Adnoc secured conditional approval from the European Commission for its planned EUR 14.7 bn acquisition of Germany’s Covestro, according to a statement (pdf) by the regulator, clearing a major hurdle to what would be the largest Gulf-led buyout of a European-listed company. The green light is dependent on both Adnoc and Covestro sticking to commitments they made. The news was also picked up by Reuters.

BACKGROUND- The sign-off, which came well ahead of the March 2026 deadline, follows months of scrutiny after Brussels opened an in-depth probe under its Foreign Subsidies Regulation in September, warning that state-backed support, including an unlimited state guarantee, a planned capital injection, and tax benefits, could distort market competition.

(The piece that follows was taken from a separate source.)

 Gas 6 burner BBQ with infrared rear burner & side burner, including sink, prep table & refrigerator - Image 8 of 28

Not without a couple of tweaks: The energy giant agreed to scrap the unlimited state backing by amending its articles of association and to license Covestro’s sustainability patents to European competitors for 10 years. EU competition chief Teresa Ribera said the commitments “effectively address the [possible] negative effects” by keeping key technologies accessible for industry peers.

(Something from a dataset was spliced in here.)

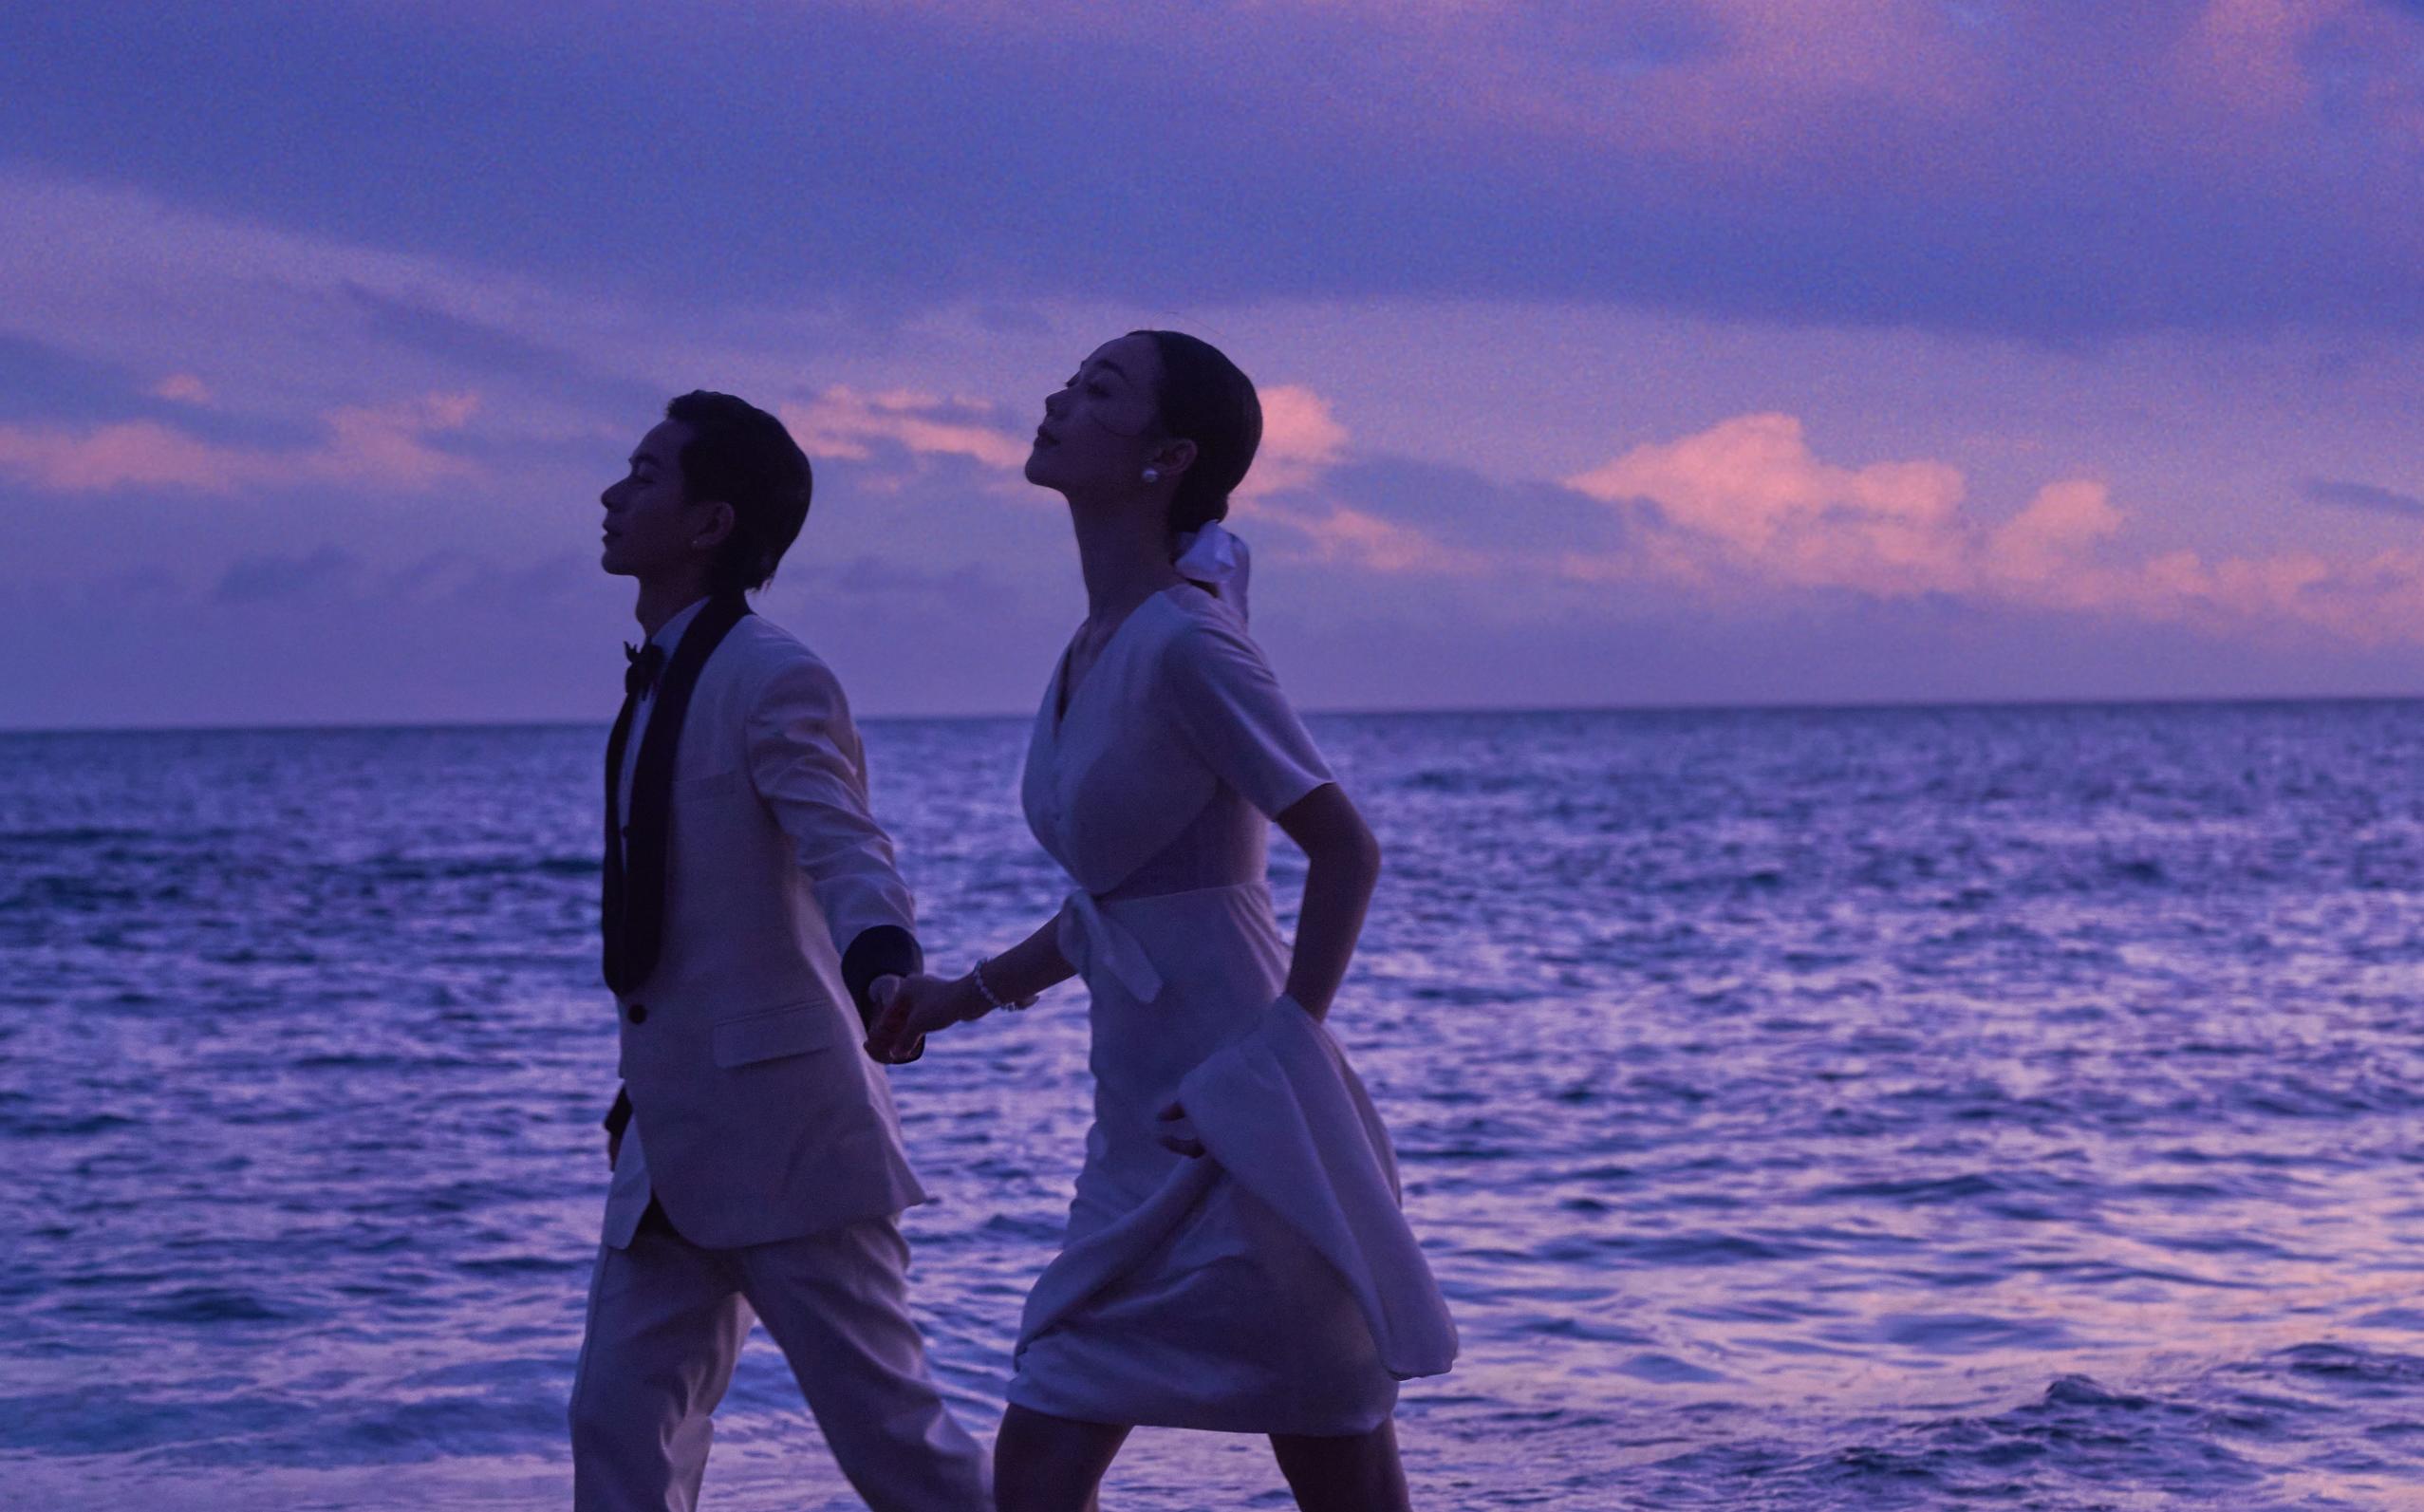 电影氛围拉满的海景婚纱照太绝了吧❗超浪漫

What’s next: The approval, also valid for a decade and monitored by an independent trustee, allows Adnoc to move ahead with final national-level clearances in Germany. Once completed, the transaction would bring Covestro under Adnoc’s XRG investment arm, broadening Abu Dhabi’s international footprint in chemicals and advanced materials. Covestro had guided for the transaction to close before 2 December.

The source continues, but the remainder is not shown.